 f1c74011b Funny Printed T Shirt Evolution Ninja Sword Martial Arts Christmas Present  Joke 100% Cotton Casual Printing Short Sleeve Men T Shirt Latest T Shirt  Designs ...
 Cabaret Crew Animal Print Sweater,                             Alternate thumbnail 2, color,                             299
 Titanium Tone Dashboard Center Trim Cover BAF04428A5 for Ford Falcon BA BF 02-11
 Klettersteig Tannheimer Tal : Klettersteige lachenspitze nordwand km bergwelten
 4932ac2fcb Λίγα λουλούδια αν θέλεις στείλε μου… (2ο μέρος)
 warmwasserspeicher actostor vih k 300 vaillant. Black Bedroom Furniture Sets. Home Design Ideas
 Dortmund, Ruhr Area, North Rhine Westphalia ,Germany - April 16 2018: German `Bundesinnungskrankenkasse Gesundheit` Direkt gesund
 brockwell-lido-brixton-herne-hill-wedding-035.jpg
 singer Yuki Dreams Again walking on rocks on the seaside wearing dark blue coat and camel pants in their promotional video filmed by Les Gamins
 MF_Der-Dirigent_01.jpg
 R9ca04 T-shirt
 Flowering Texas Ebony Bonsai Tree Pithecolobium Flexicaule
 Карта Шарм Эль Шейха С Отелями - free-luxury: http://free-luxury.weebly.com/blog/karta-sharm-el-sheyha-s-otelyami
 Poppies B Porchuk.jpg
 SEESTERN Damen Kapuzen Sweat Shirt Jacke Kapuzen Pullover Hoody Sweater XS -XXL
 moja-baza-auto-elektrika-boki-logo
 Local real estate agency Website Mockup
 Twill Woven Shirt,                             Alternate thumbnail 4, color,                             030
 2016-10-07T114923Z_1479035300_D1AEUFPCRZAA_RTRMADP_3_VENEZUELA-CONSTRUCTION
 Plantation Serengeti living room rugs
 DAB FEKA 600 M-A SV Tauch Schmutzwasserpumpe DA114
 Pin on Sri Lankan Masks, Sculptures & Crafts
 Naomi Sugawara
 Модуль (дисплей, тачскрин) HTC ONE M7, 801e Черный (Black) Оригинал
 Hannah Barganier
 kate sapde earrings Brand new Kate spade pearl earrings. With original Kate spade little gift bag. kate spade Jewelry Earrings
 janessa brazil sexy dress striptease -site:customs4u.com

┄┄┄┄┄┄┄┄┄┄

**TASK**
Every line above from the line with "Карта Шарм Эль" to the line with "Модуль (дисплей, тачскрин)", inclusive, must be returned exactly; no other line belongs in the reply.

**OUTPUT FOR THIS EXERCISE**
 Карта Шарм Эль Шейха С Отелями - free-luxury: http://free-luxury.weebly.com/blog/karta-sharm-el-sheyha-s-otelyami
 Poppies B Porchuk.jpg
 SEESTERN Damen Kapuzen Sweat Shirt Jacke Kapuzen Pullover Hoody Sweater XS -XXL
 moja-baza-auto-elektrika-boki-logo
 Local real estate agency Website Mockup
 Twill Woven Shirt,                             Alternate thumbnail 4, color,                             030
 2016-10-07T114923Z_1479035300_D1AEUFPCRZAA_RTRMADP_3_VENEZUELA-CONSTRUCTION
 Plantation Serengeti living room rugs
 DAB FEKA 600 M-A SV Tauch Schmutzwasserpumpe DA114
 Pin on Sri Lankan Masks, Sculptures & Crafts
 Naomi Sugawara
 Модуль (дисплей, тачскрин) HTC ONE M7, 801e Черный (Black) Оригинал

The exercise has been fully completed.